The USE IT Act would support carbon utilisation and direct air capture research. Research of this kind is already taking place at research facilities such as the Integrated Test Centre outside of Gillette, Wyoming.
US Senator John Barrasso, Chairman of the Senate Committee on Environment and Public Works worked with Senate Armed Service Committee Chairman, Jim Inhofe, to include the bill in NDAA.
The bill would also support federal, state, and non-governmental collaboration in the construction and development of carbon capture, utilisation, and sequestration (CCUS) facilities and carbon dioxide (CO2) pipelines.
“I want to make American energy as clean as we can, as fast as we can without raising costs on families,” said Barrasso.
“The best way to do that is through innovation, not government regulation.

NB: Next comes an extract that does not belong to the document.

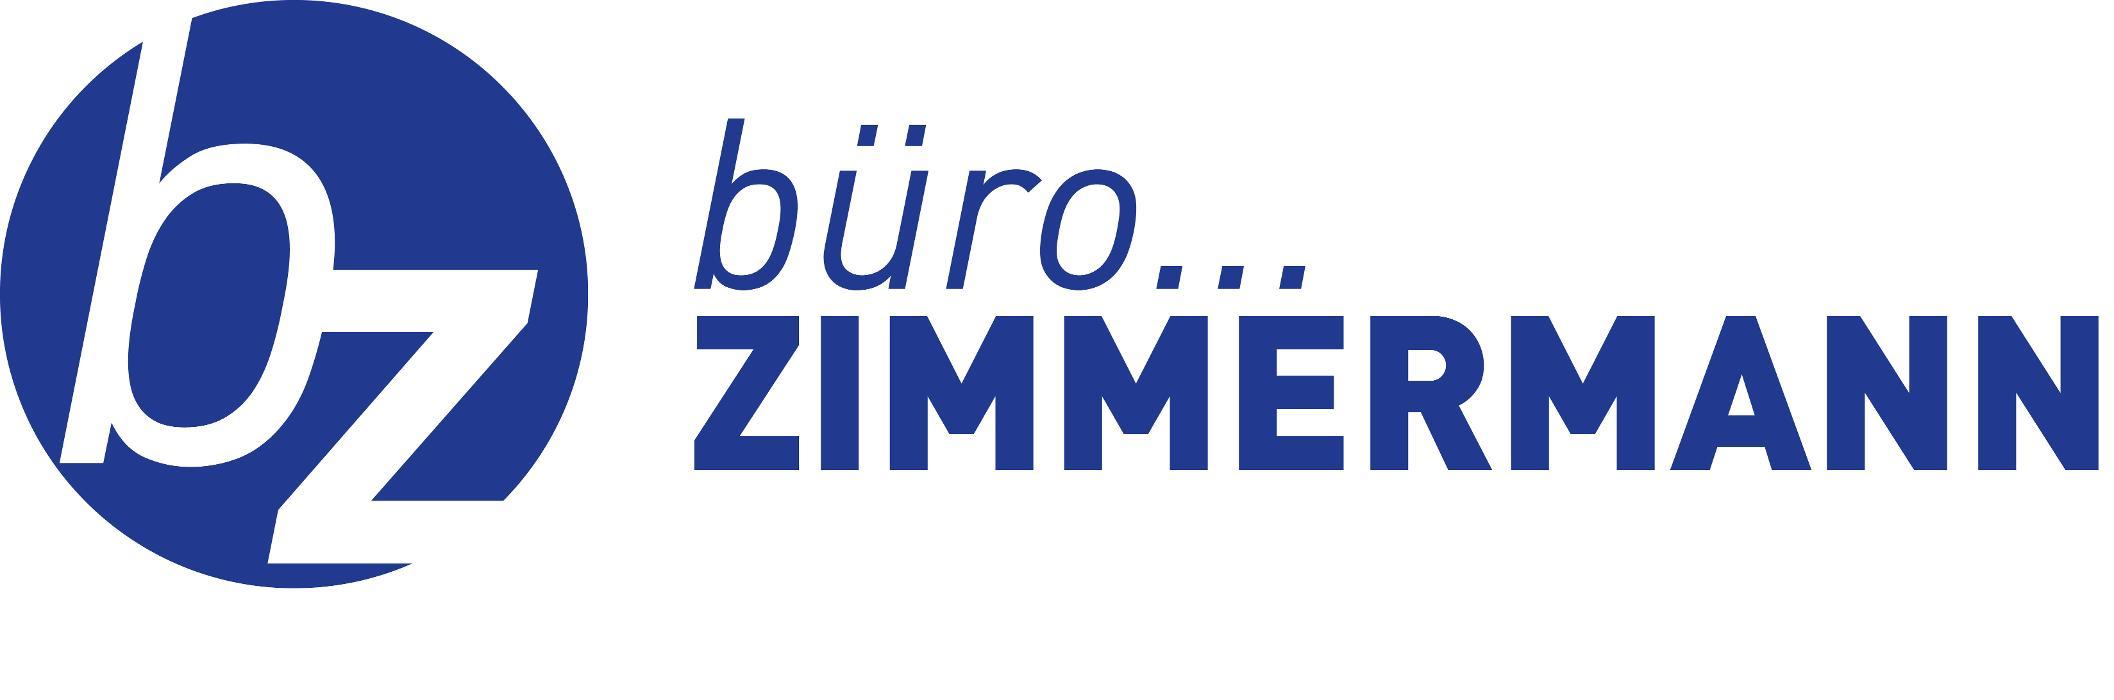 Buro Zimmermann Gmbh Co Kg In Dippoldiswalde

The USE IT Act is a bipartisan bill to promote carbon capture technologies that take carbon out of the air and find productive uses for it.”
“The USE IT Act aligns with my goal of making Wyoming a global leader in carbon capture technology,” said Governor Mark Gordon.
“Wyoming has made significant investments in developing carbon management technologies, recognising it is the only viable pathway to meaningfully impact CO2 reductions in a carbon constrained society,” said Jason Begger, Wyoming Infrastructure Authority’s Executive Director.